Vaia caiu na gargalhada, não conseguiu se conter, tanto com a informação quanto pelo rosto boquiaberto do clérigo, que não tinha onde enfiar a cara.
Em meio aos risos da moça, ouviu-se murmúrios suaves — a bebê, que até então dormia sossegada nos braços de Talyra, acorda aos resmungos, como se reclamasse do barulho.
Os três pararam e começaram a encarar ela, o cômodo se silenciou como se as ondas quisessem ouvi-la.
Mais uma vez, aquele senso superficial de familiaridade e calor permeou pelos corpos dos jovens. Vaia secou as lágrimas que restavam em seu rosto pela tristeza de mais cedo. Enquanto Talyra acariciava o rosto da criança, Cálix — ainda mal-humorado — disse:
— Ok, Talyra, você já falou besteiras demais por hoje.
— Essa aqui já nasceu há tão pouco tempo, mas já viu tanta coisa…
— Vamos deixar Lâmina e a bebê dormirem, se ele acordar provavelmente vai querer se levantar…

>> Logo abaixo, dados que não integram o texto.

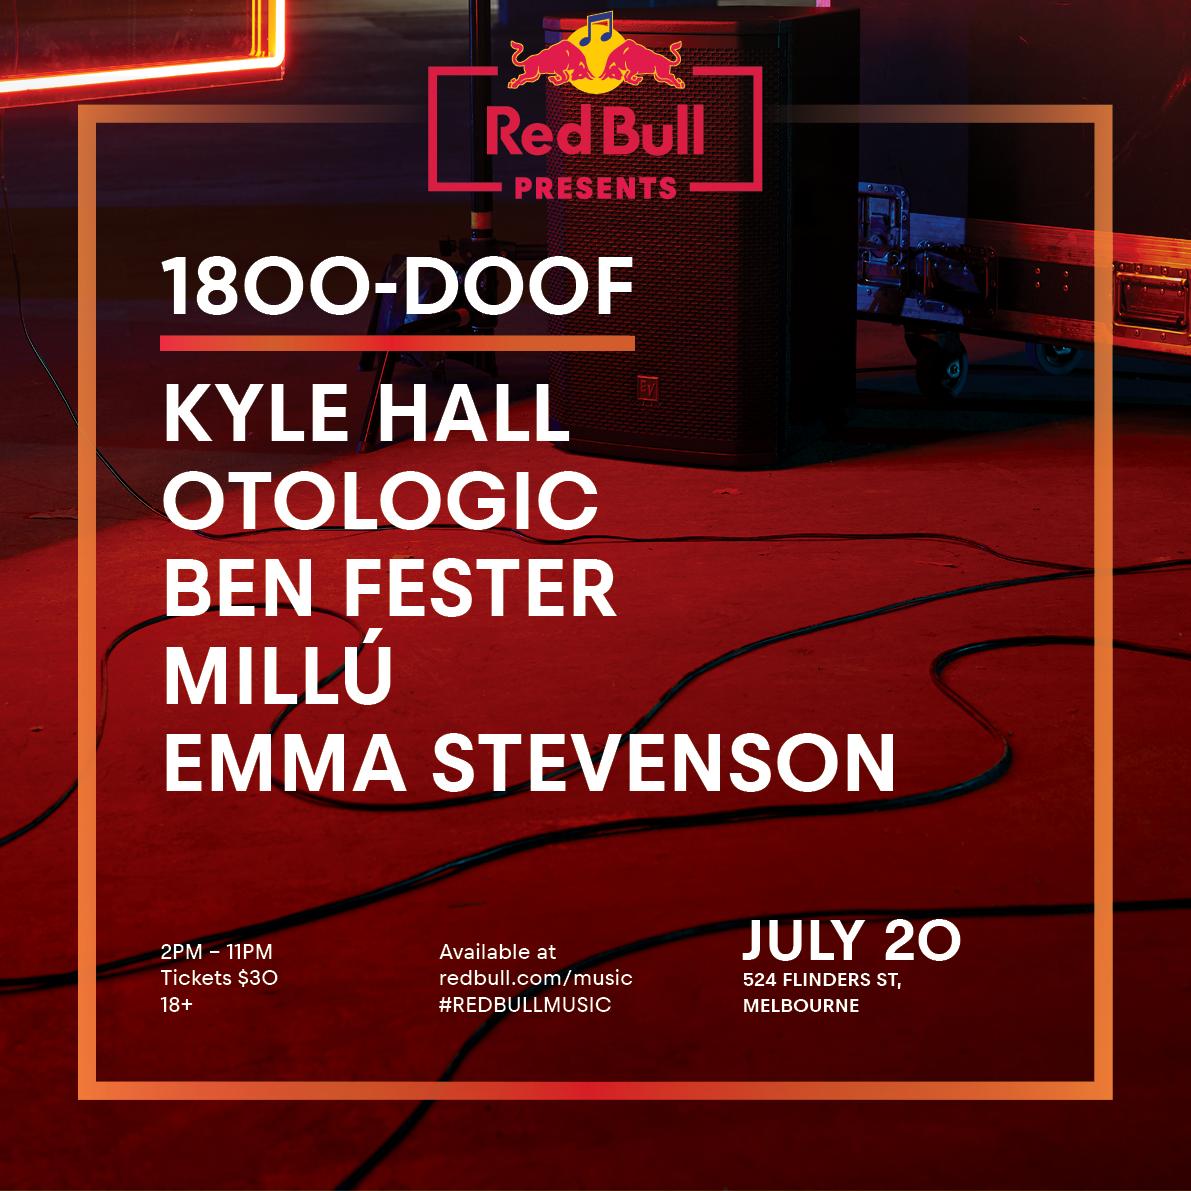 Red Bull presents: 1800-Doof - Sat 20th July, 524 Flinders

Os três se entreolharam mais uma vez e colocaram a menina — enrolada em cobertores — próxima ao espadachim, decidindo deixar a conversa morrer naquele momento agradável, e guardar as preocupações para o dia seguinte.
— Como foi a conversa com eles?
— Sequer foi uma conversa… eles estava se borrando de medo de mim.
— Jas… — Heinrich se aproximou da mulher após ela fechar a porta de sua cabine e a segurou nos braços — Talvez você devesse mostrar a eles esse lado que mostra para mim. O povo de Fajilla sabia quem você era, por isso se esconderam. Agora, aqueles jovens nem te conhecem.
— Eles sabem que eu já matei diversas pessoas, e que sou capaz de fazer isso de novo…
Jasmyne fechou o pulso diante do peito, forçando os lábios num semblante angustiado pela própria atitude. Ela não sabia se tinha a coragem de revelar para Heinrich sua verdadeira natureza, revelar a verdadeira condição de Zaltan…
— Jas, por que está tão nervosa? O que houve?
Jasmyne encarou o capitão com os olhos marejados e um sorriso forçado, que tremia junto de seu corpo quanto mais ela forçava.
Em meio a um impulso emotivo, Jasmyne abraçou Heinrich, mais forte do que na noite anterior, e disse, com uma voz desafinada:
— Me perdoe, Heinrich… mas eu sou má… E o pequeno Zaltan vai me matar por isso. — “É isso que eu mereço, afinal.”
Talvez seja isso que falte para Jasmyne, ela ouviu as risadas de Vaia vindas do outro lado do navio. Cerrava os punhos internamente e não conseguia se conter ao ver a relação que aqueles jovens estabeleceram em tão pouco tempo.
Seria mesmo por conta da bebê que “está degradando os mundos”?